The following is a summary of the “Age-Related Clinical Characteristics, Inflammatory Features, Phenotypes, and Treatment Response in Asthma,” published in the January 2023 issue of Allergy and Clinical Immunology by Wang, et al. 

This study aims to understand better how aging affects asthma by examining its clinical characteristics, inflammatory aspects, phenotypes, and responsiveness to treatment. Patients with asthma were followed for 12 months in this prospective cohort research. 

Age-related differences in clinical inflammation and phenotypic features, the risk for exacerbations in the future, and treatment responsiveness were evaluated (young was defined as age 18 to 39 years; middle-aged, 40 to 64 years; and elderly, 65 years or older).

Compared with young (n = 106) and middle-aged (n = 179) asthmatic patients, elderly patients (n = 55) had worse airway obstruction, more comorbidities including chronic obstructive pulmonary disease and diabetes, less atopy, and lower levels of IgE and FeNO, and were more likely to have late-onset and fixed airflow obstruction asthma and a reduced risk for having type 2 profile asthma. In older individuals with asthma, there were statistically significant increases in induced sputum levels of IFN-gamma, IL-17A, and IL-8. 
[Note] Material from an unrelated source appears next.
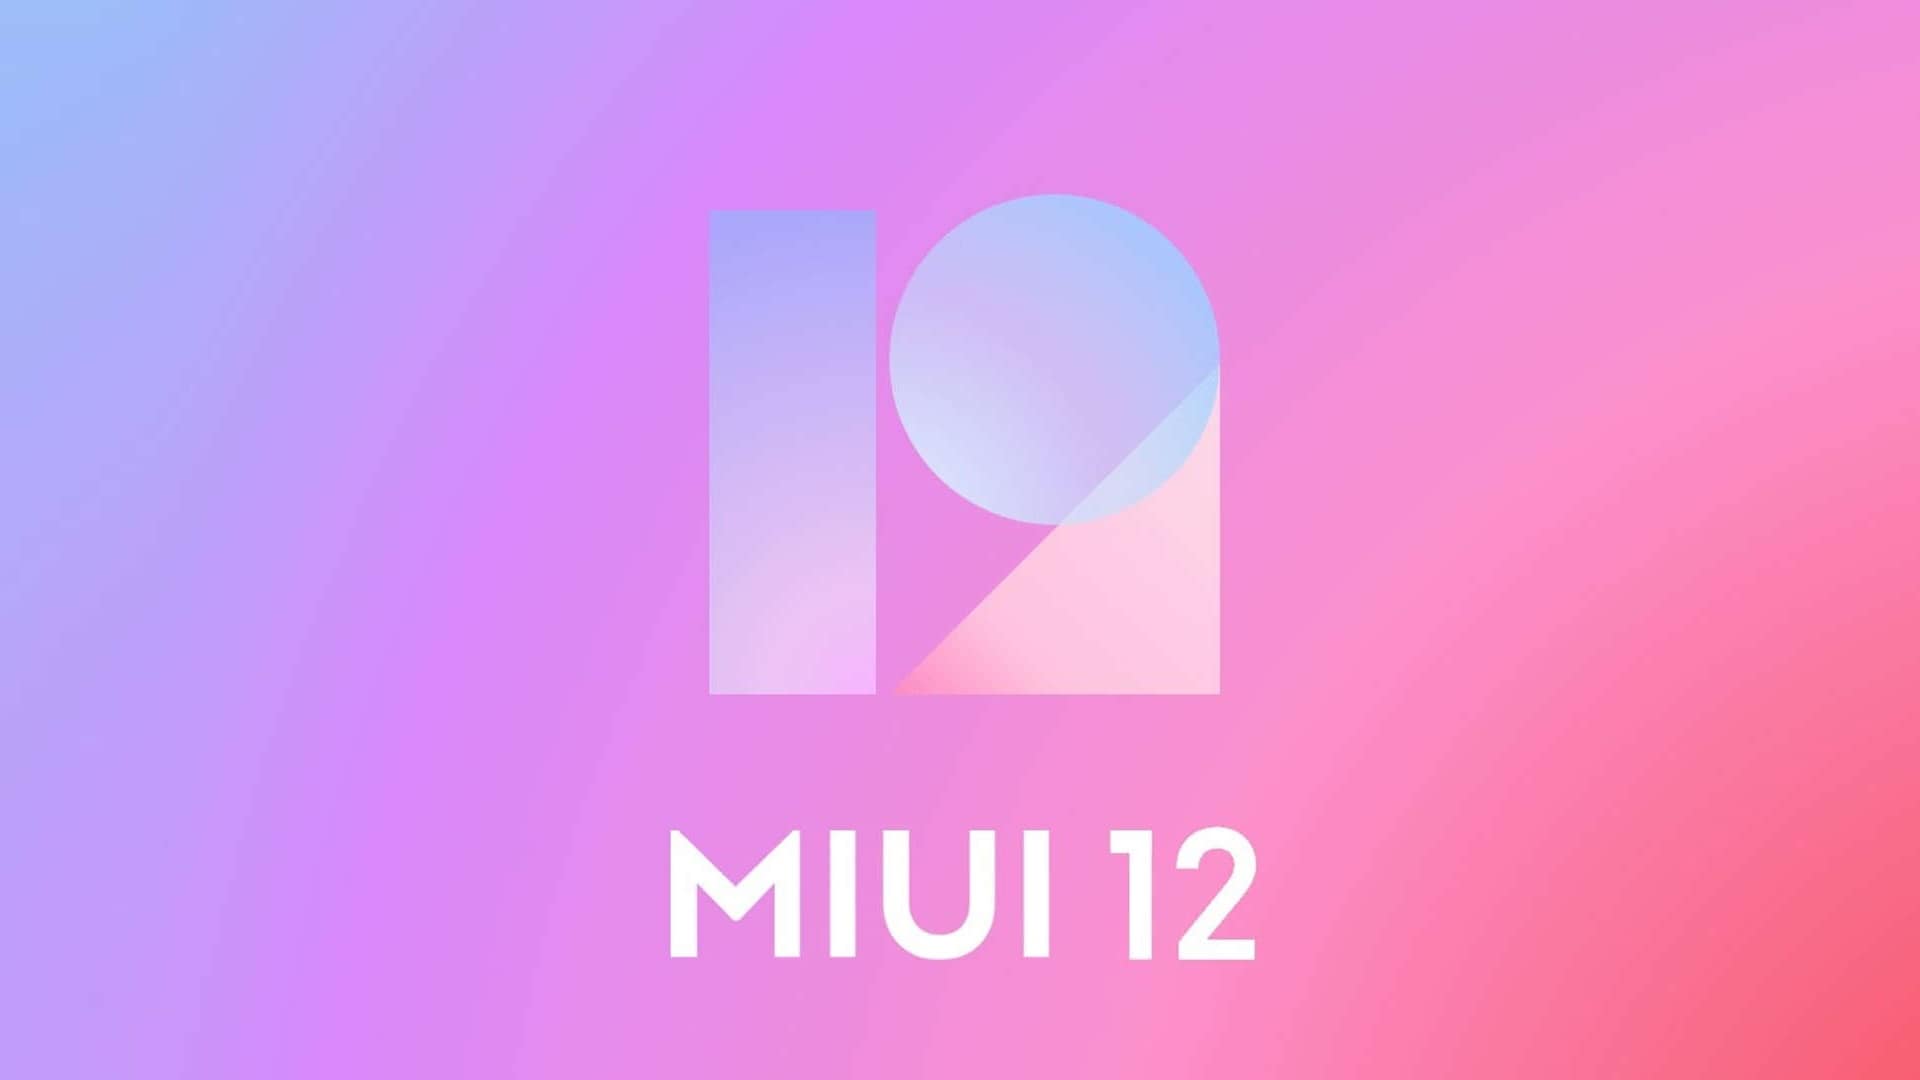 La MIUI 12 ha due nuovi sfondi animati: ecco come provarli subito (foto e download)

The elevation of airway IFN-gamma by increasing age was found to be a direct and important pathway from aging to future asthma exacerbations. Moreover, the treatment response of older patients (all P < .05) with asthma was poorer (improvement in FEV1 of 12% or more, or 200 mL; reduction in Borg scores of 1 or more; adjusted odds ratio = 0.11; 95% CI, 0.02-0.52; and adjusted odds ratio = 0.12; 95% CI, 0.03-0.49, respectively). This study provides evidence that asthma in the older population reflects a distinct phenotype and that aging can affect asthma in terms of clinical aspects, inflammatory characteristics, exacerbations, and treatment responsiveness.